The invention is based on the plasmon resonance effect of the sub-wavelength metal grating, utilizes the near-field local characteristic of the metal plasmon, and maintains the effective absorption efficiency of the absorption layer of the device when the thickness of the absorption layer is reduced; in the invention, the thickness of the absorption layer is reduced, which is equivalent to the reduction of the volume of the absorption layer of a device, and the defects and impurities related to dark current are reduced, so that the dark current of the device is reduced, and the signal-to-noise ratio of photoelectric response of a detector is improved; according to the invention, the plasmon resonance wavelength is regulated and controlled by changing the periodic structure parameters of the metal grating, so that the selective enhancement and absorption of the detector in a wide spectrum range from very-long-wave infrared to terahertz waveband are realized, the waveband is adjustable, and the photoelectric response performance of the detector to the waveband is further improved.
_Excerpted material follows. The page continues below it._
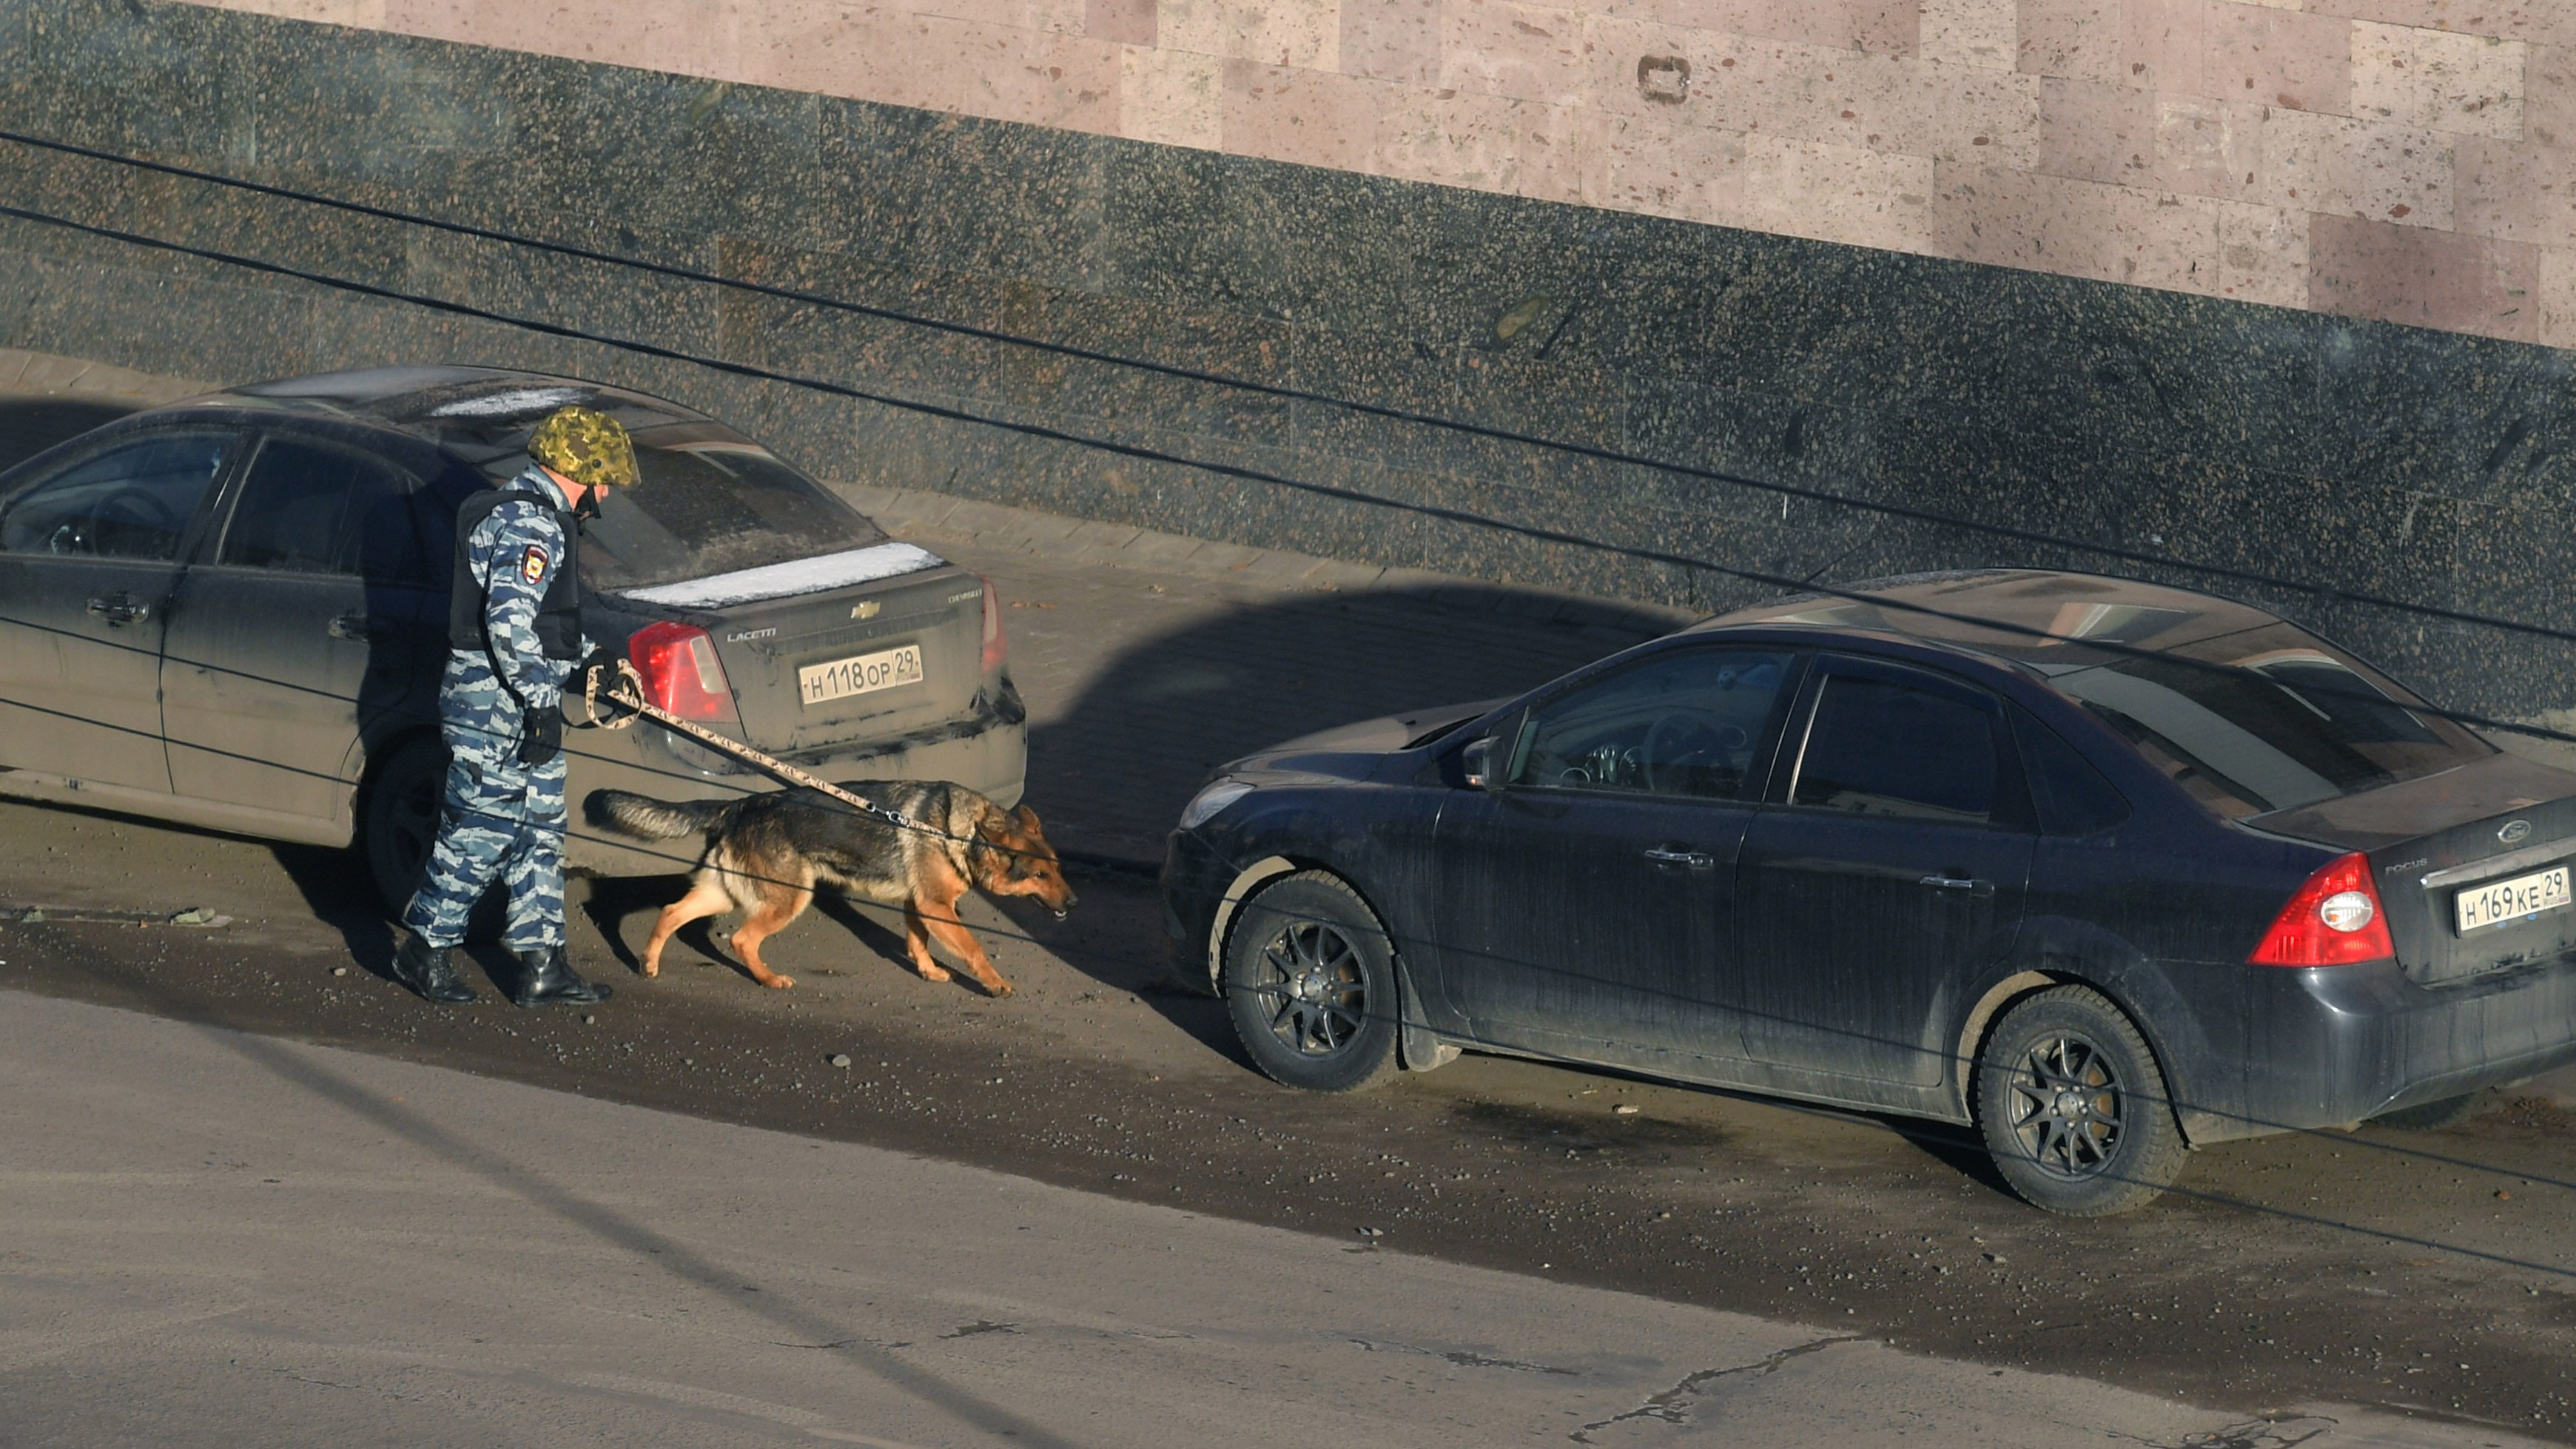 Фото © РИА Новости / Владимир Трефилов

In the description of the present application, it is to be understood that the terms "upper", "lower", "front", "rear", "left", "right", "vertical", "horizontal", "top", "bottom", "inner", "outer", and the like indicate orientations or positional relationships based on those shown in the drawings, and are only for convenience in describing the present application and simplifying the description, but do not indicate or imply that the referred device or element must have a specific orientation, be constructed in a specific orientation, and be operated, and thus, should not be construed as limiting the present application.

The foregoing description of specific embodiments of the present invention has been presented. It is to be understood that the present invention is not limited to the specific embodiments described above, and that various changes or modifications may be made by one skilled in the art within the scope of the appended claims without departing from the spirit of the invention. The embodiments and features of the embodiments of the present application may be combined with each other arbitrarily without conflict.